Até recentemente, no Brasil, a atividade era denominada de Relações com o Mercado. Existia mais para que fosse cumprida uma exigência legal, e, em geral, o diretor financeiro acumulava a função. O grande divisor de águas, lembra Treiger, ocorreu quando a Aracruz fez a primeira listagem de ações brasileiras na Bolsa de Valores de Nova York através de ADRs (American Depositary Receipts), em 1992, e abriu o caminho. De lá para cá, o Brasil passou a ocupar o terceiro lugar no mundo entre os países com o maior número de companhias listadas na Bolsa de Nova York, fora os Estados Unidos. O primeiro lugar é do Reino Unido; o segundo, do Canadá. O Brasil tem 35 grandes empresas listadas.

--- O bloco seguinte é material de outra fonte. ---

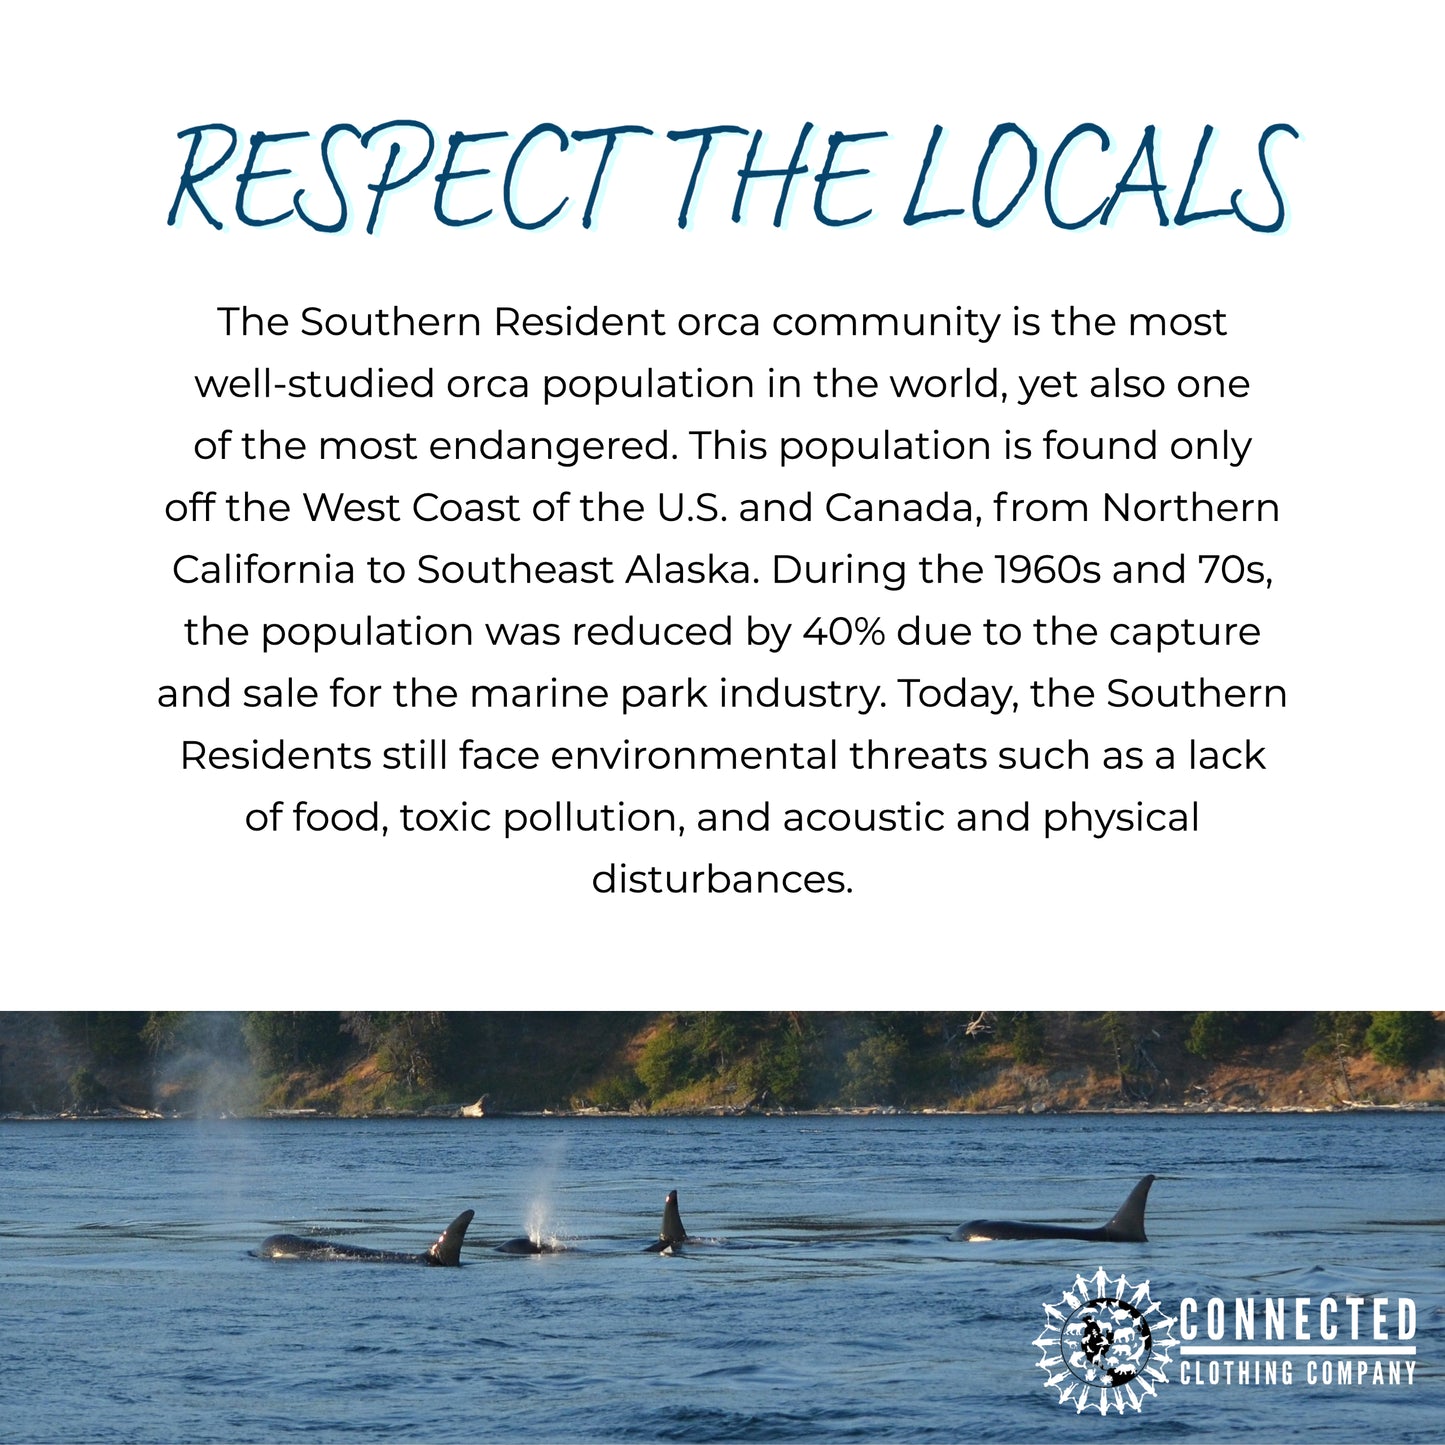 Respect The Locals. The Southern resident orca community is the most well-studied orca population in the world, yet also one of the most endangered. This population is found only off the West Coast of the U.S. and Canada, from northern california to southeast alaska. During the 1960s and 70s, the population was reduced by 40% due to the capture and sale for the marine park industry. Today, the Southern residents still face environmental threats

“Quando alguém se expõe a um mercado sofisticado – e o mercado brasileiro não era tão sofisticado quanto é hoje –, passa a transitar em uma grande avenida de mão dupla: o mercado cede recursos, mas quer informações relevantes para sua tomada de decisão de investimento, corretas, transparentes, sem favorecimento, a tempo e a hora”, observa Treiger. “Toda vez que alguma coisa importante acontecer na empresa, ou seja, algo com potencial de impactar o valor das ações, para cima ou para baixo, o mercado quer saber disso para reavaliar sua decisão anterior de compra ou de venda daquele papel.”

Os principais interlocutores do responsável por RI são os analistas financeiros, mas também é preciso manter um canal de comunicação com todos os interessados no negócio – o que inclui integrantes da empresa, clientes, fornecedores e a comunidade.

“O trabalho de RI está intimamente ligado a credibilidade e reputação”, diz Treiger. “Quem faz isso não pode perder a credibilidade no mercado porque é quase impossível recuperá-la. Se alguém der uma informação incompleta ou falsa, e que faz milhares, às vezes milhões de pessoas investirem no seu papel, e amanhã voltar e disser que não é bem isso, há uma enorme reação negativa, é um deus-nos-acuda. Ao mesmo tempo, existe a necessidade de desenvolver uma cultura na empresa de que um certo nível de informação estratégica tem de seu aberta. É preciso estabelecer qual o nível ótimo do seu planejamento estratégico que pode ser divulgado para que o mercado possa conhecer a tempo os futuros investimentos e antecipar os resultados da companhia, lembrando sempre que o mercado não gosta de surpresas. Com isso, em relação à nossa imagem no mercado de capitais, começamos a nos diferenciar das demais empresas de capital aberto, nossas competidoras”.

Se a empresa cria a fama de que é fechada e não dá informação, os analistas e investidores penalizam o valor de seus títulos ou perdem o interesse pelos seus papéis, diz Treiger. “Outro aspecto é a informação comercial. Existem certas informações comerciais que, numa empresa fechada, familiar, serão segredo. Numa empresa pública, nem tanto. É necessário permitir alguma divulgação de como está sendo o desempenho comercial, da empresa, para os analistas poderem adaptar seus modelos matemáticos e prever sua performance futura.”

Após a recente divulgação dos resultados da Braskem no segundo semestre de 2005 e acumulados no primeiro semestre do ano, a equipe de RI já estava envolvida nos preparativos finais para o Braskem Day na Bolsa de Nova York. O dia 6 de setembro foi todo dedicado à empresa, que aproveitou a oportunidade para celebrar seu terceiro aniversário. Durante o encontro, o Líder Empresarial José Carlos Grubisich fez uma apresentação aos analistas de mercado norte-americanos sobre o desempenho recente da Braskem e sobre seus planos de crescimento no Board Room da mais importante bolsa de valores do mundo. No fim do dia, Grubisich foi convidado a fazer soar o famoso sino da Bolsa de Nova York, na cerimônia de encerramento do pregão, com imagens transmitidas por TV e Internet para todo o mundo.